The Chester County Department of Community Development (DCD) released its 2023 Point-In-Time (PIT) count this week, which shows that 436 people were experiencing homelessness in Chester County on January 25, 2023. This number represents an eight percent increase in homelessness from 2022 when the PIT count was 402.
The PIT count is a manual census of people experiencing sheltered and unsheltered homelessness on one night in January. The rise in Chester County’s PIT count coincides with increases in many cities and communities across the United States.
In a joint statement, Chester County Commissioners Marian Moskowitz, Josh Maxwell, and Michelle Kichline said, “There are many factors that impact homelessness, and Chester County is not immune to them. We are committed to assisting the homeless population in Chester County through our partnership with House America and by working with municipalities, developers, nonprofits, and our state and federal governments to re-house those experiencing homelessness and create more affordable housing options.

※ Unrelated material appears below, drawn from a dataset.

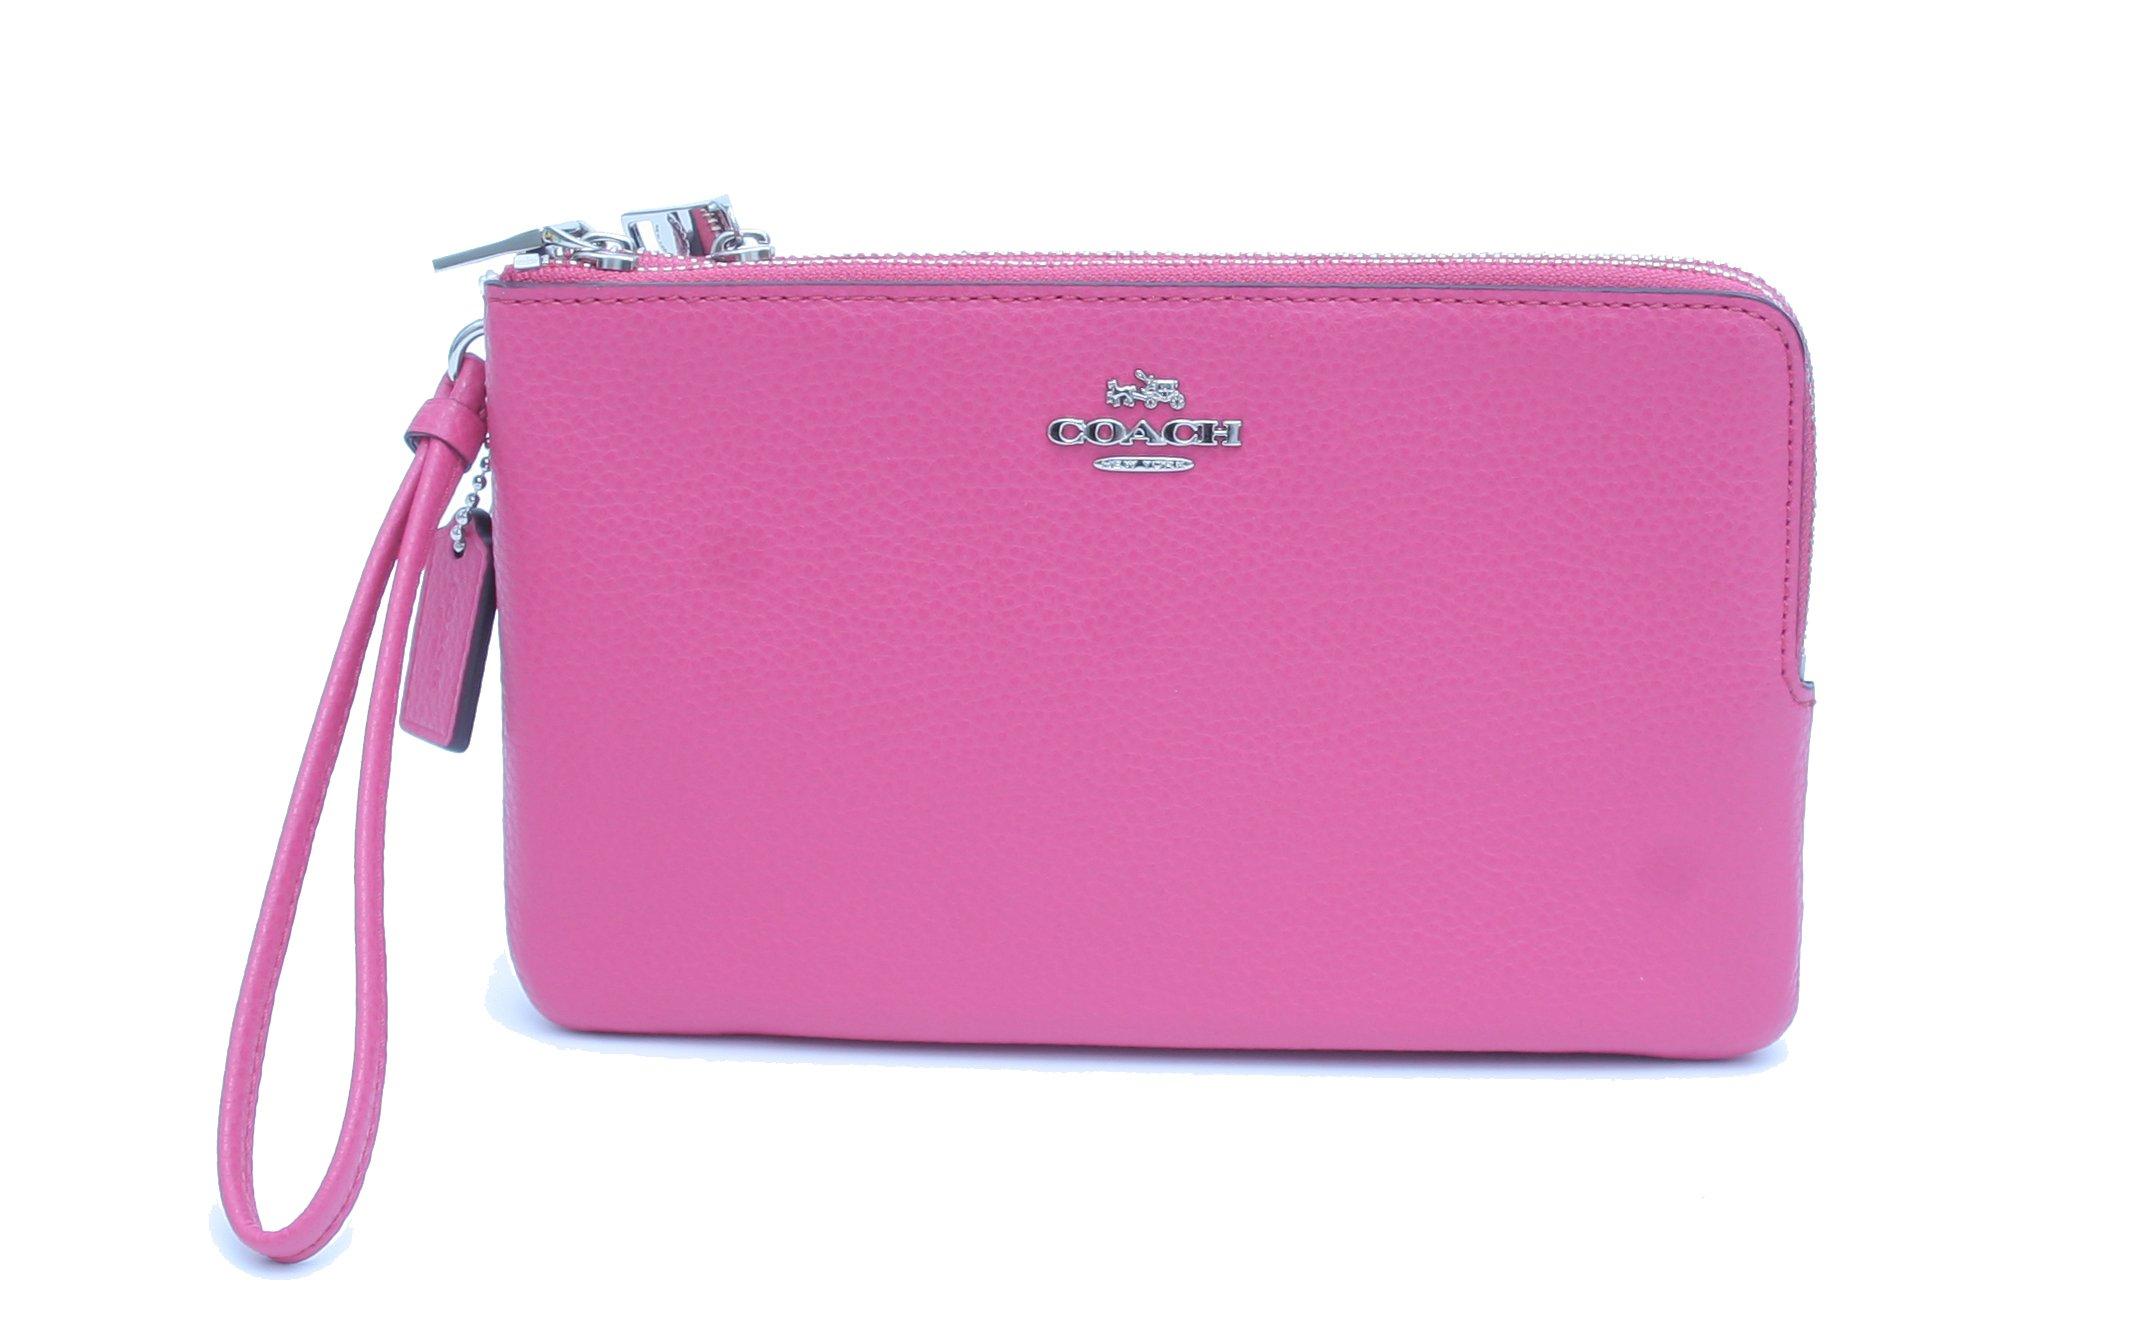 Coach Pebble Leather Double Zip Wristlet Wallet (MAGENTA)

“We have dedicated American Rescue Plan Act money and other funds to building 1,000 new affordable housing units over the next ten years, and by the end of this year, 306 will be built,” added the Commissioners.
Other data from the 2023 PIT count showed that 44 percent of those experiencing homelessness in Chester County were people of color, and 25 percent were children. Of the 436 people counted, 29 lived in or slept in places not meant for human habitation.
Dolores Colligan, Director of Chester County DCD, said, “The Department of Community Development and the Chester County Partnership to End Homelessness work diligently to assist anyone experiencing homelessness. The Emergency Utility and Rental program, run through the DCD, has helped more than 6,000 households since 2021. The Eviction Prevention Case Resolution program has seen a significant increase in cases involving landlords and tenants resolved through the Eviction Prevention Court, created in 2020. We encourage anyone to contact our office if they are facing a housing crisis.”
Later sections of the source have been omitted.